Task objective: From the top of the entries below through the line containing "LOUIS VUITTON CAPUCINES", return every line exactly as written, please, and stop there.

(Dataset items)
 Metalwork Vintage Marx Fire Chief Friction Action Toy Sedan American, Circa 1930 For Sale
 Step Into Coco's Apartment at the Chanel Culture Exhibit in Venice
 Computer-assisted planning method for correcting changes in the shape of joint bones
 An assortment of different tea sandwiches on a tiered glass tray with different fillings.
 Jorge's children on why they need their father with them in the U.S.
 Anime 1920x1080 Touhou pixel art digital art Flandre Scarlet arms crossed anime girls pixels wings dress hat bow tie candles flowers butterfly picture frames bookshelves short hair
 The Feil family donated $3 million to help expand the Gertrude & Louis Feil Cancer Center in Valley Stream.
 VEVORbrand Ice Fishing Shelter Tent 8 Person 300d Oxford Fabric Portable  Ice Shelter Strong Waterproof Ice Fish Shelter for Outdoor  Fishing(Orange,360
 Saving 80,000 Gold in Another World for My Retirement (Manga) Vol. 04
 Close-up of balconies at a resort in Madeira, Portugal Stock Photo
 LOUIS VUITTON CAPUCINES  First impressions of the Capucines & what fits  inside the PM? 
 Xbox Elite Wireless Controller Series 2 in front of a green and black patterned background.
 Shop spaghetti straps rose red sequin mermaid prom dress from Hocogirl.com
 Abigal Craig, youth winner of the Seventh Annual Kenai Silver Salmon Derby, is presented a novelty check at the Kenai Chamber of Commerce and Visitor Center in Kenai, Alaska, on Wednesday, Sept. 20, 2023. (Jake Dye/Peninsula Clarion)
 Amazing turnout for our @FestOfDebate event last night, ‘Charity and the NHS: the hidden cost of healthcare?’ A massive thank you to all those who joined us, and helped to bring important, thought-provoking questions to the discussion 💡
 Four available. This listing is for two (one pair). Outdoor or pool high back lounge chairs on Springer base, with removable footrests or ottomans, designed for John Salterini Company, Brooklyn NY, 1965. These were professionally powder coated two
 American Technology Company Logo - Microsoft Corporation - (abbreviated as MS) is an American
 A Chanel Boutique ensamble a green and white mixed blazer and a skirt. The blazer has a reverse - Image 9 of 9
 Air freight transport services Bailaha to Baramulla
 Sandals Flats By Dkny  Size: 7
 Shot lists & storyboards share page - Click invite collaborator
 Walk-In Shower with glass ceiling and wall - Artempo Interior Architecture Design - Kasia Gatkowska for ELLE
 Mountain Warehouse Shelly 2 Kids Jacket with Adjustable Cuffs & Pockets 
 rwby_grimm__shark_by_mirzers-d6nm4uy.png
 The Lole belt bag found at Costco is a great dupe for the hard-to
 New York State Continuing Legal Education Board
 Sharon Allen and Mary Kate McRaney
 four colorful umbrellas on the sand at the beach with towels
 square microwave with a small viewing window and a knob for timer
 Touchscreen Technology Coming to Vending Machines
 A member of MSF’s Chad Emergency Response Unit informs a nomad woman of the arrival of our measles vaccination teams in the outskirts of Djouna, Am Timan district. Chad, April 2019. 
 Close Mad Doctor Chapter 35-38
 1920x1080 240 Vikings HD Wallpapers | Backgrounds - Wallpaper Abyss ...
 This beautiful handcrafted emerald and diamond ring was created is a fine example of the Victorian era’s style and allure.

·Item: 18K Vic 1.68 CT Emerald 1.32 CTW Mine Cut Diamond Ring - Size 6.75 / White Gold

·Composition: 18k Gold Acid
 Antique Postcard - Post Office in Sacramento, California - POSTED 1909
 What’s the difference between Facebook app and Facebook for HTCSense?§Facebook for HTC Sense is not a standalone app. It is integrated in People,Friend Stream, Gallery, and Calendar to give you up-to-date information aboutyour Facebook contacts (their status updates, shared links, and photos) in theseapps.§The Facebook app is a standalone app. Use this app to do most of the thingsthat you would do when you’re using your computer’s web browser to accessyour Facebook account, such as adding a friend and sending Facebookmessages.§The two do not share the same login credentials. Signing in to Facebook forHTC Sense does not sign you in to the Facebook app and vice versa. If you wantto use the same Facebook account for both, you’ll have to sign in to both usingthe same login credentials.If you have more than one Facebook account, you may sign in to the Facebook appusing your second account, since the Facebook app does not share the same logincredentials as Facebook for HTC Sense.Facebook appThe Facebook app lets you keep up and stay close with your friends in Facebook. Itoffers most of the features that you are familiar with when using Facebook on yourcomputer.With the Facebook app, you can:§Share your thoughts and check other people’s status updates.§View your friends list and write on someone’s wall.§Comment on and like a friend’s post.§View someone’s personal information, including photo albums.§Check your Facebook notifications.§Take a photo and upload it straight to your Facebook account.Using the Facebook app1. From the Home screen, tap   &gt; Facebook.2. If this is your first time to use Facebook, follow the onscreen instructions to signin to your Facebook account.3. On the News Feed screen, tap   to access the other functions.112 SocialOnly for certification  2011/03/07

Answer section:
 Metalwork Vintage Marx Fire Chief Friction Action Toy Sedan American, Circa 1930 For Sale
 Step Into Coco's Apartment at the Chanel Culture Exhibit in Venice
 Computer-assisted planning method for correcting changes in the shape of joint bones
 An assortment of different tea sandwiches on a tiered glass tray with different fillings.
 Jorge's children on why they need their father with them in the U.S.
 Anime 1920x1080 Touhou pixel art digital art Flandre Scarlet arms crossed anime girls pixels wings dress hat bow tie candles flowers butterfly picture frames bookshelves short hair
 The Feil family donated $3 million to help expand the Gertrude & Louis Feil Cancer Center in Valley Stream.
 VEVORbrand Ice Fishing Shelter Tent 8 Person 300d Oxford Fabric Portable  Ice Shelter Strong Waterproof Ice Fish Shelter for Outdoor  Fishing(Orange,360
 Saving 80,000 Gold in Another World for My Retirement (Manga) Vol. 04
 Close-up of balconies at a resort in Madeira, Portugal Stock Photo
 LOUIS VUITTON CAPUCINES  First impressions of the Capucines & what fits  inside the PM? 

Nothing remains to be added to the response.